American hip hop duo

Mansionz (stylized in lowercase) is an American alternative hip hop duo composed of musicians Mike Posner and blackbear. They released their self-titled debut album on March 24, 2017.

== History ==
Mansionz was formed by longtime collaborators Matthew Musto and Mike Posner in late 2016. The two had previously worked together on writing songs such as Big Time Rush's 2011 single "Windows Down" and Justin Bieber's 2012 single "Boyfriend". On December 9, 2016, Musto and Posner released their debut single under the recording outfit Mansionz: "Stfu", featuring rapper Spark Master Tape.

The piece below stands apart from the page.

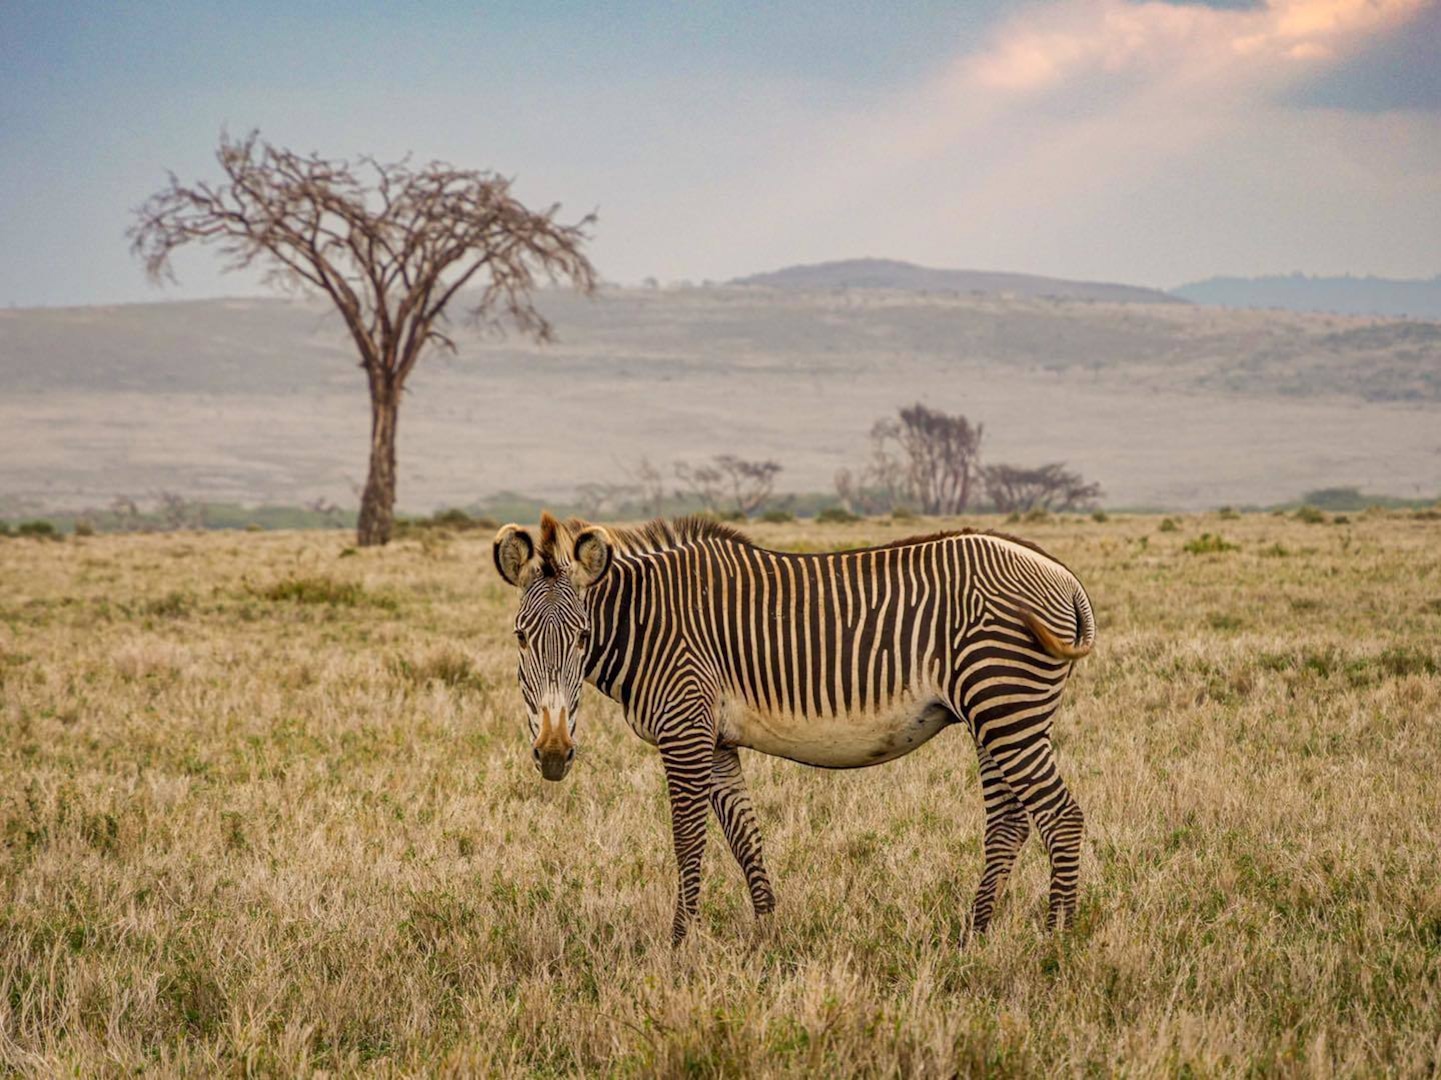 Zebras graze near the course of the For Rangers Ultramarathon Sept. 15, 2022, in Kenya, Africa. Senior Master Sgt. Jeff Delorey, the superintendent of health services with the 157th Medical Group, finished first out of 60 competitors during the 143-mile race.

To promote the release of their collaborative album, Mansionz released two YouTube videos, "intro to mansionz part 1" and "intro to mansionz part 2," on January 16, 2017, and January 25, 2017, respectively. Both videos were shot by Spark Master Tape. In addition, Mansionz released two additional singles: "Rich White Girls" and "Dennis Rodman," which were released on February 3, 2017 and March 17, 2017, respectively. Musto and Posner promoted the album on the red carpet of the 59th Annual Grammy Awards, where they both sported lime-green hair, a signature look and major aspect of their album's promotion.

Mansionz, the self-titled debut album from the duo, was released on March 24, 2017, and featured appearances from Soren Bryce, G-Eazy, CyHi The Prynce, and Snoozegod, as well as Spark Master Tape and Dennis Rodman. It received generally positive reviews from critics, although some reviewers who had enjoyed the earlier solo work of Musto and Posner were disappointed.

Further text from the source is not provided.